* _TASK PROMPT_:
Your task is to copy the listing exactly. Drop any pictures from the copy.

* _INFORMATION SUPPLIED_:
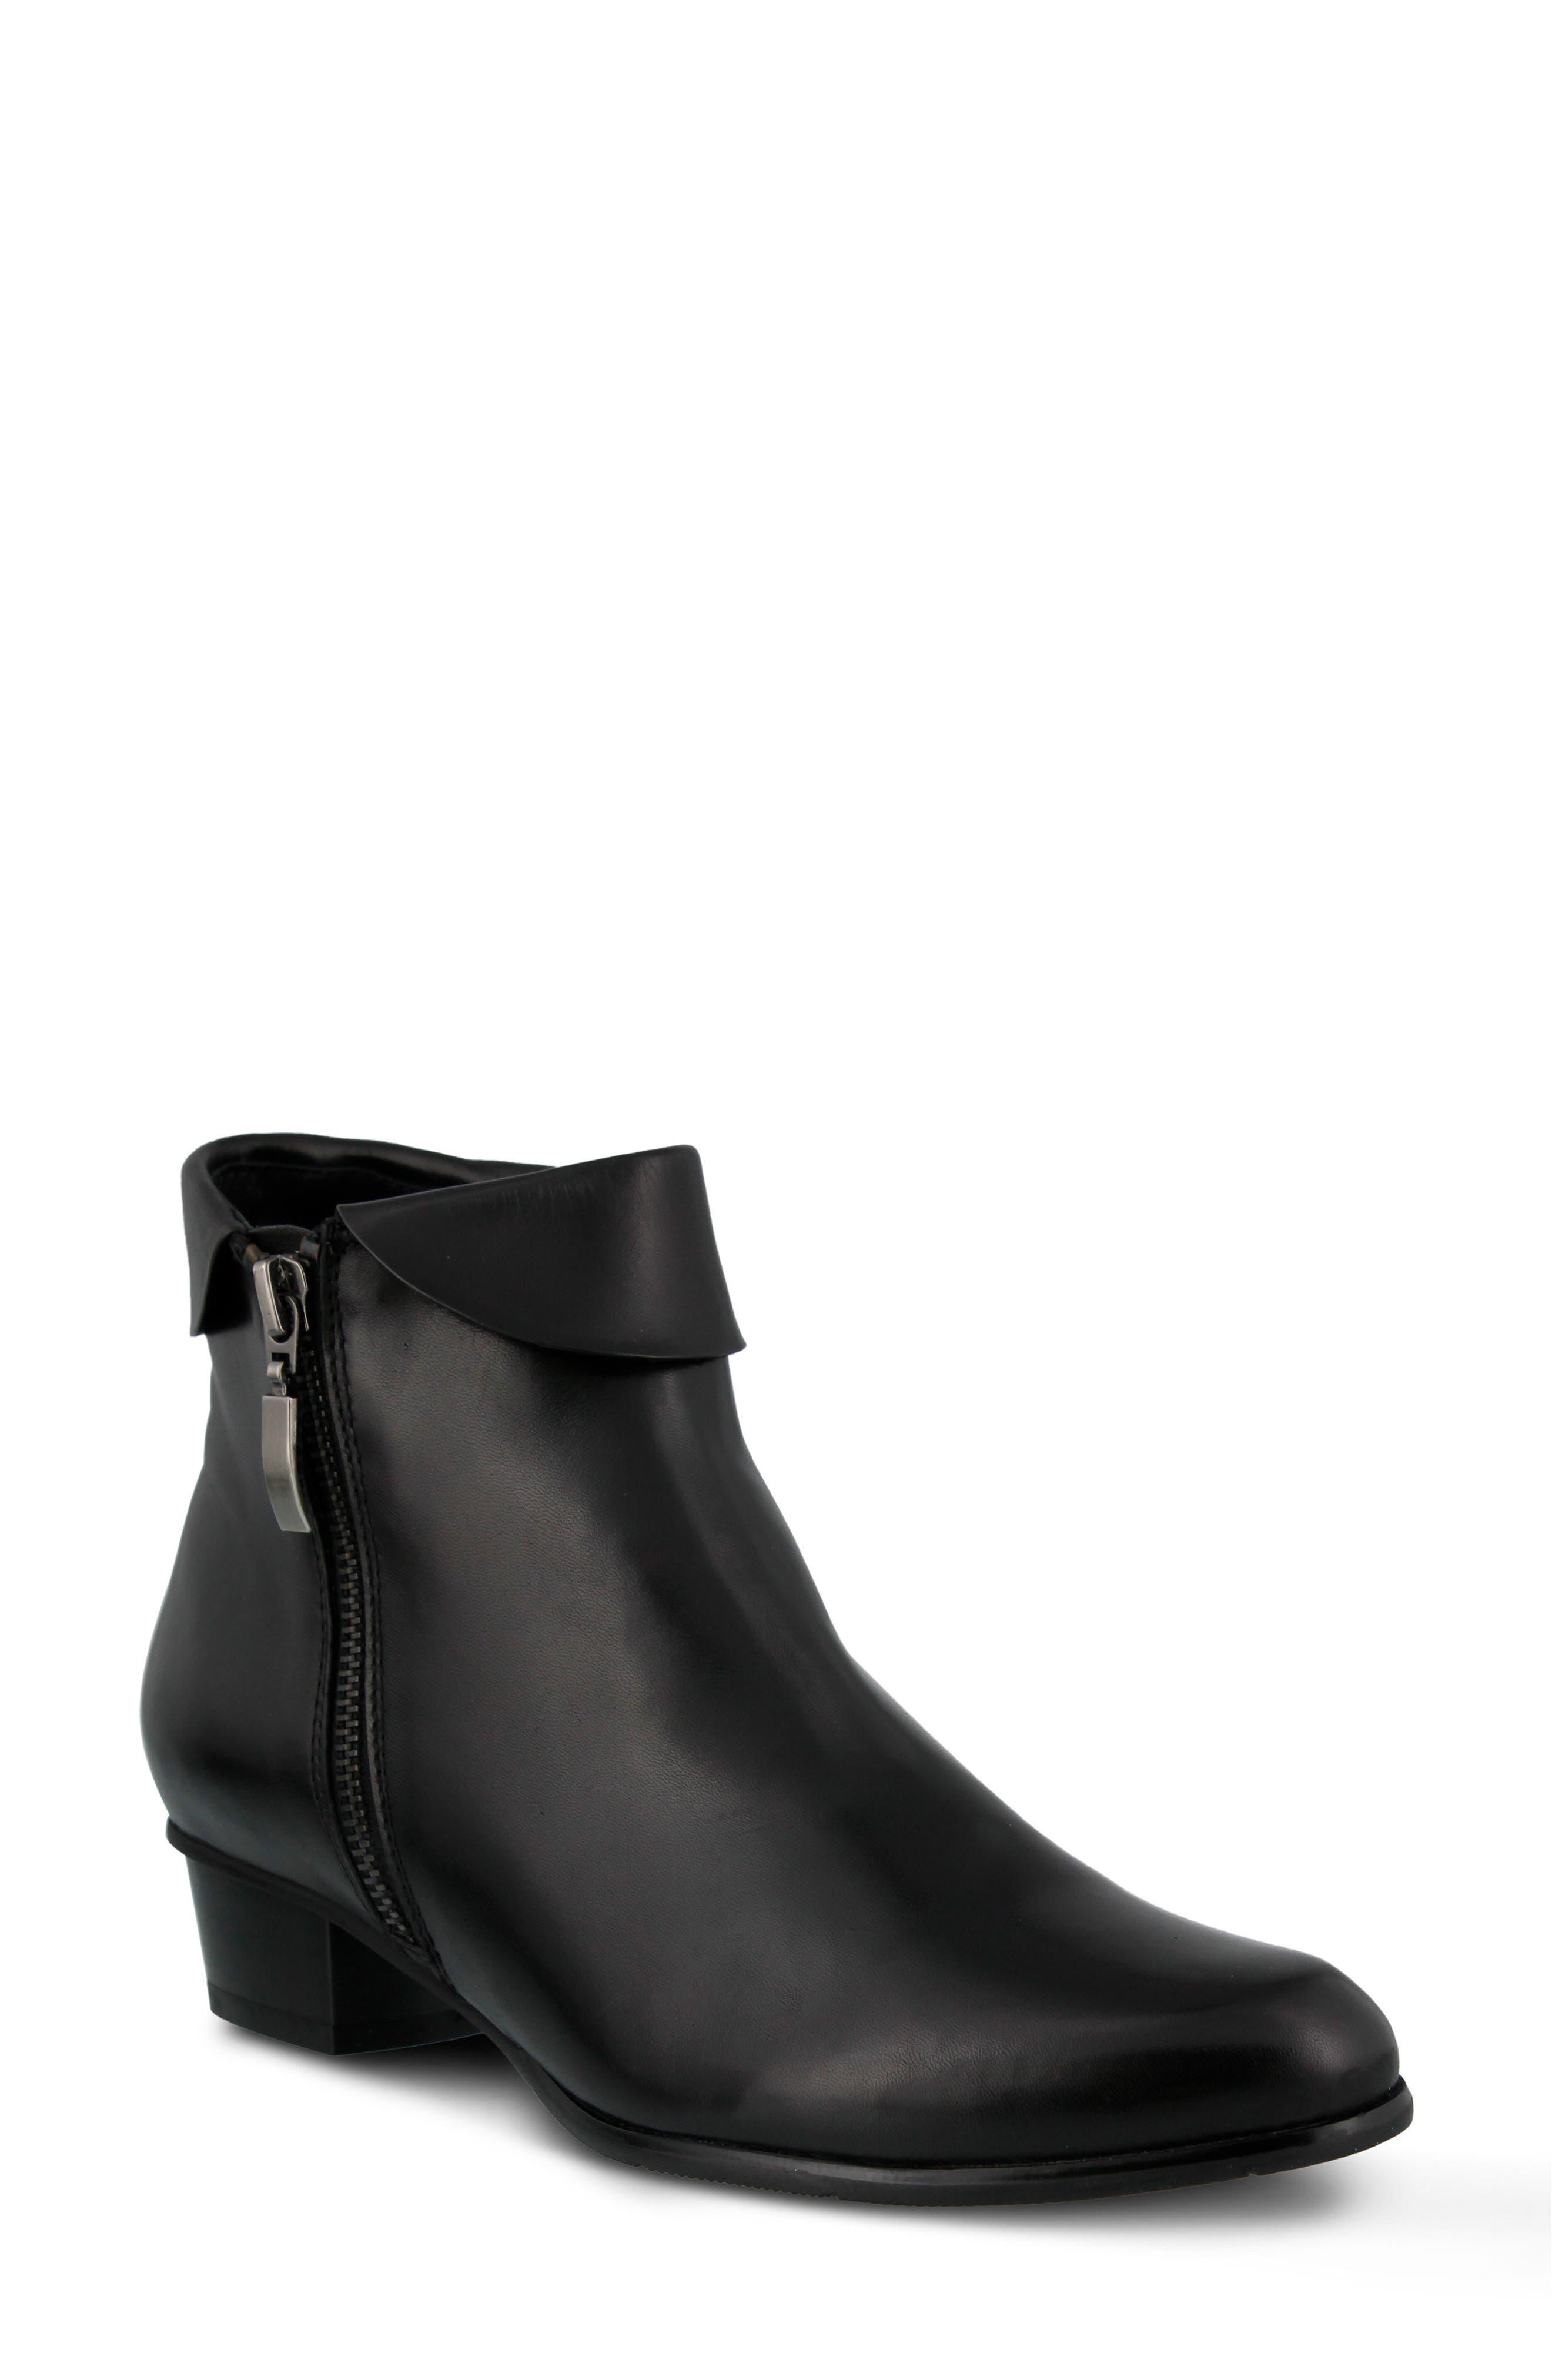 SPRING STEP 'Stockholm' Boot, Main, color, BLACK
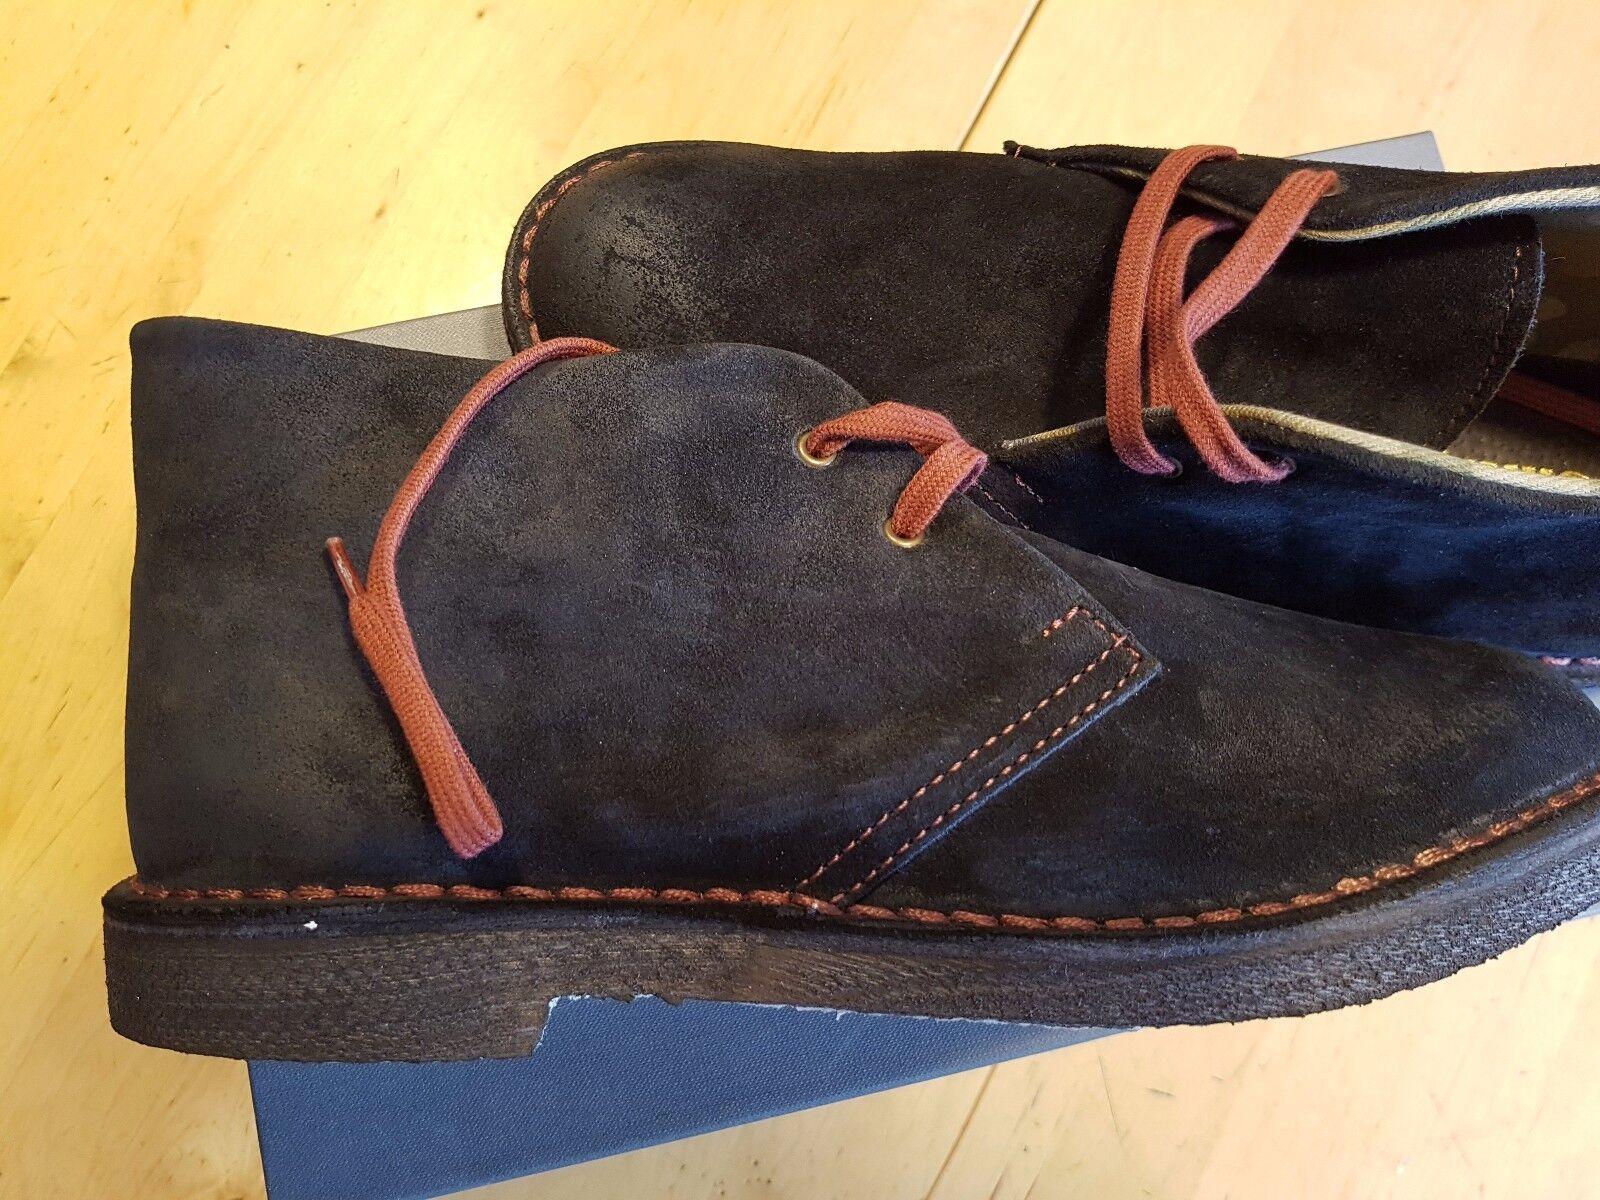 Cinti Stiefelette Desert Boot Colour ORIGINAL Blu Gr. 41 NEU ORIGINAL Colour 88e8ed
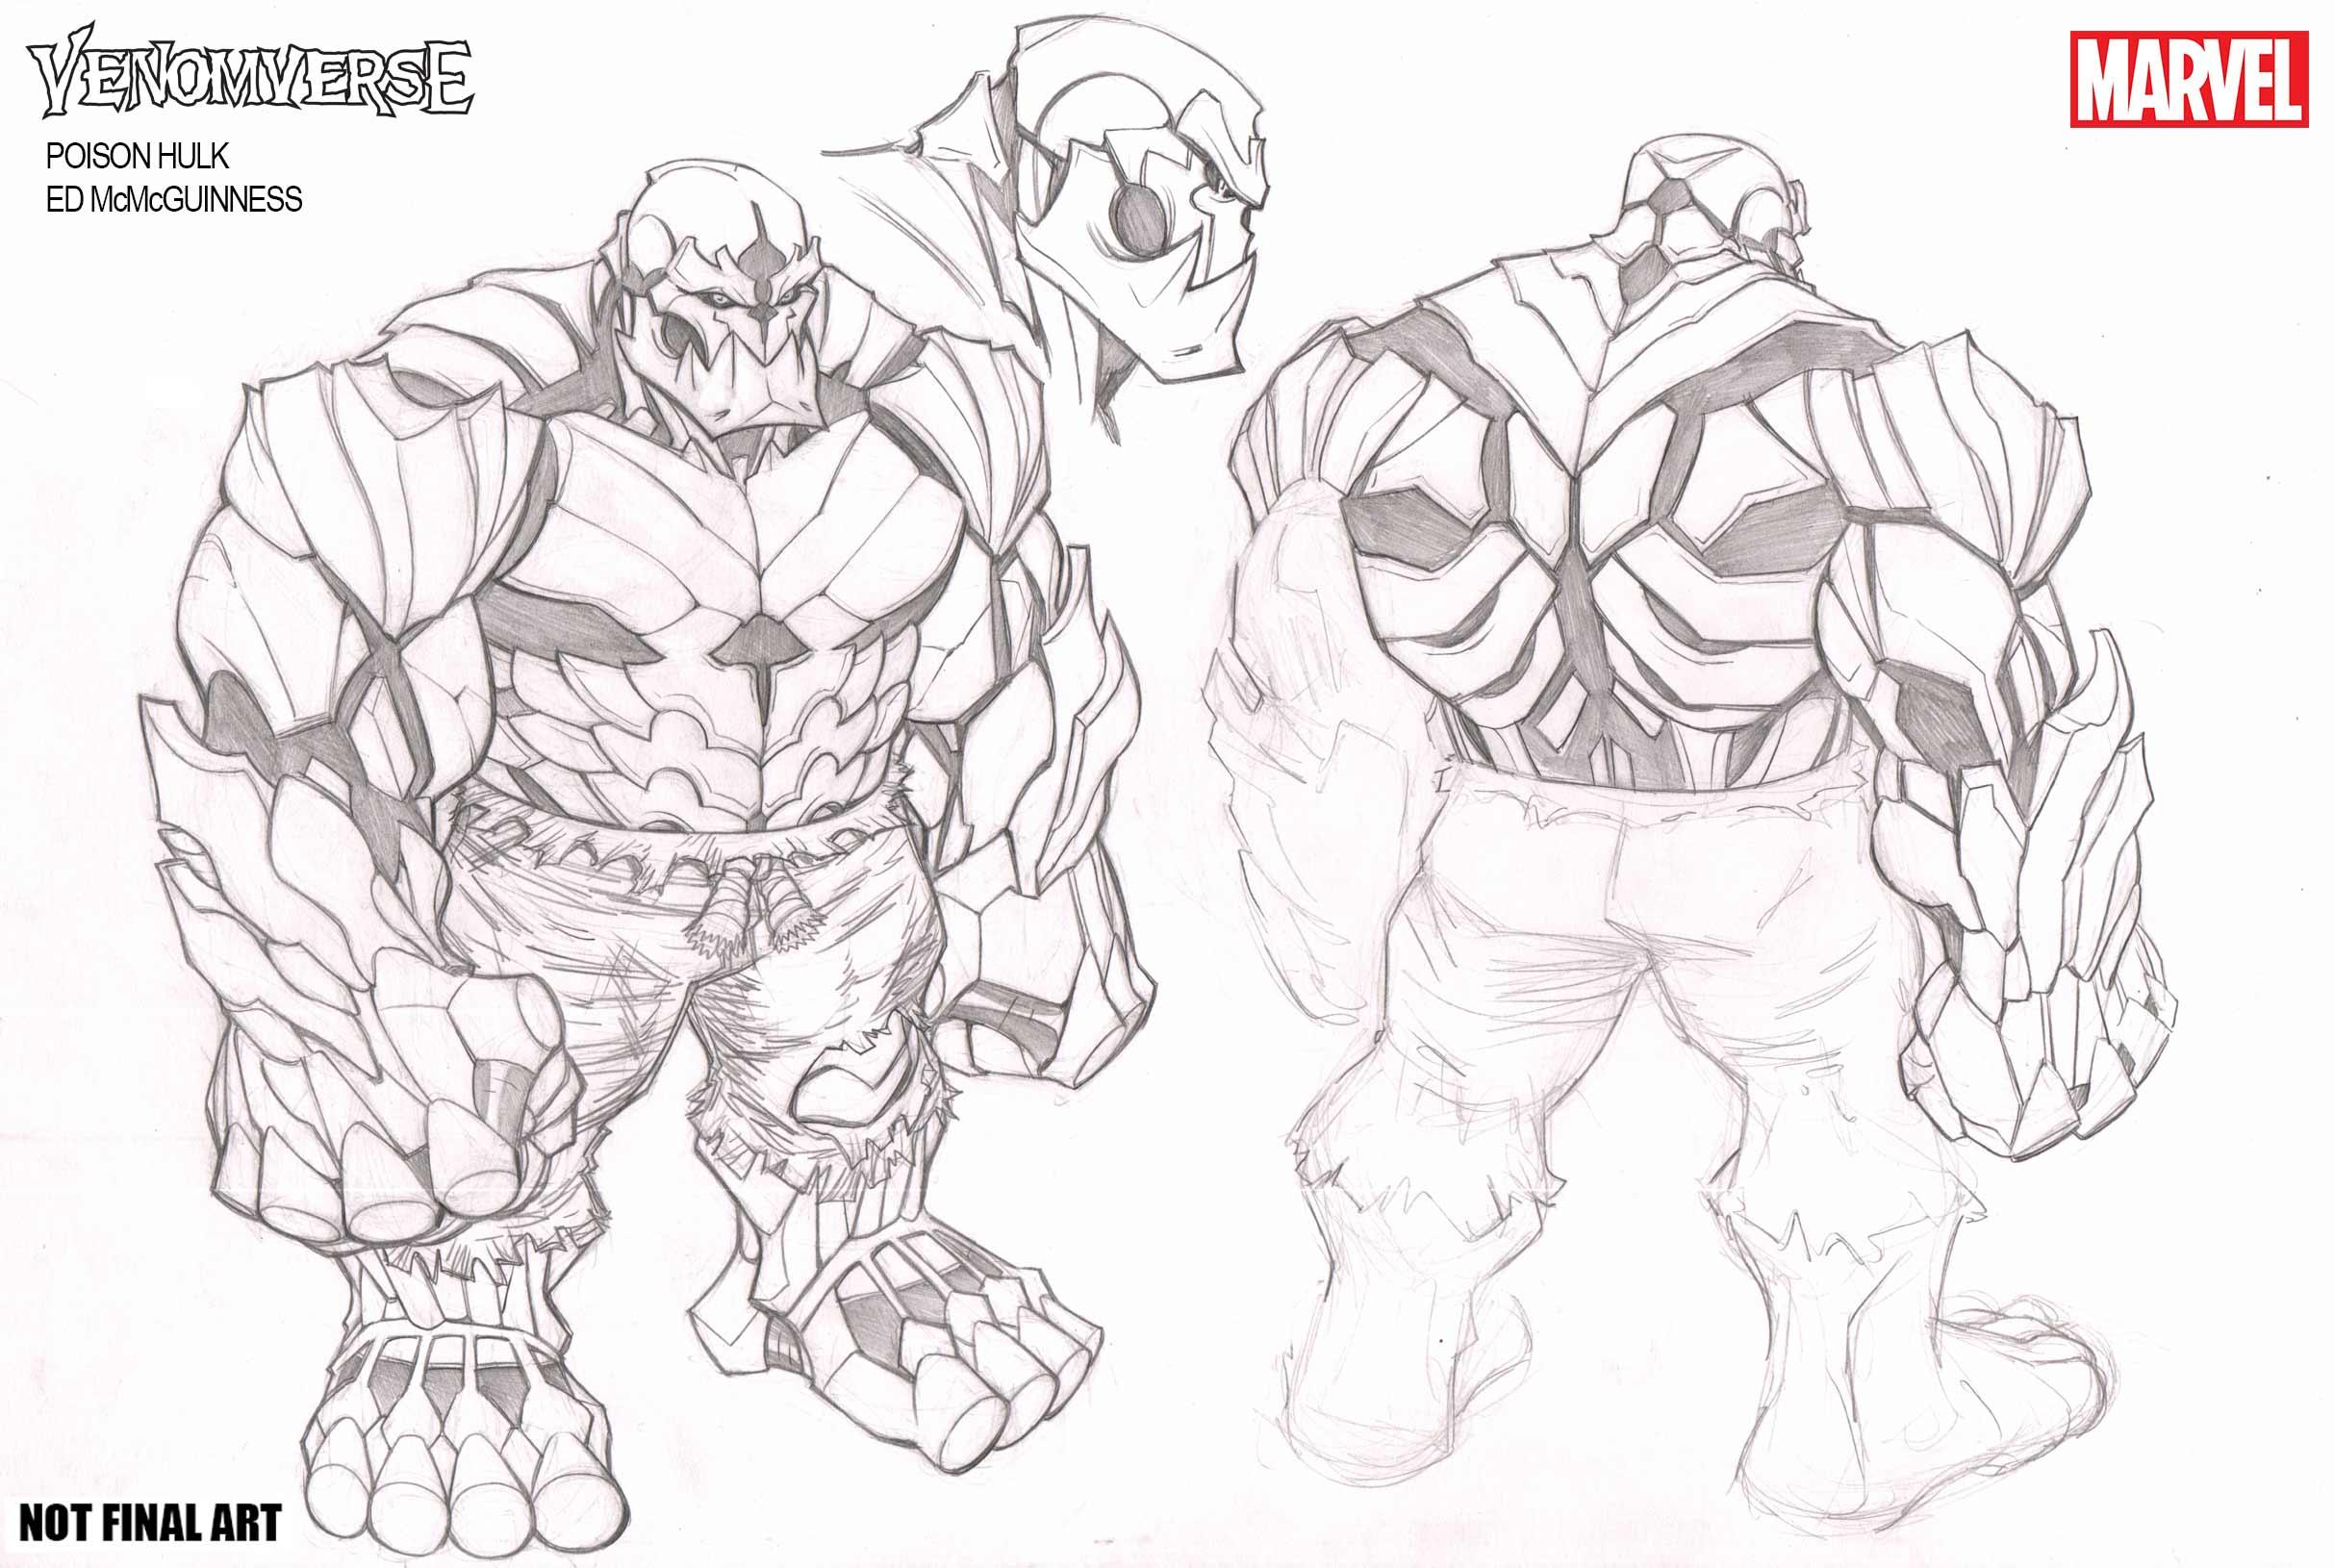 Venomverse Poison Hulk

* _ANSWER_:
 SPRING STEP 'Stockholm' Boot, Main, color, BLACK
 Cinti Stiefelette Desert Boot Colour ORIGINAL Blu Gr. 41 NEU ORIGINAL Colour 88e8ed
 Venomverse Poison Hulk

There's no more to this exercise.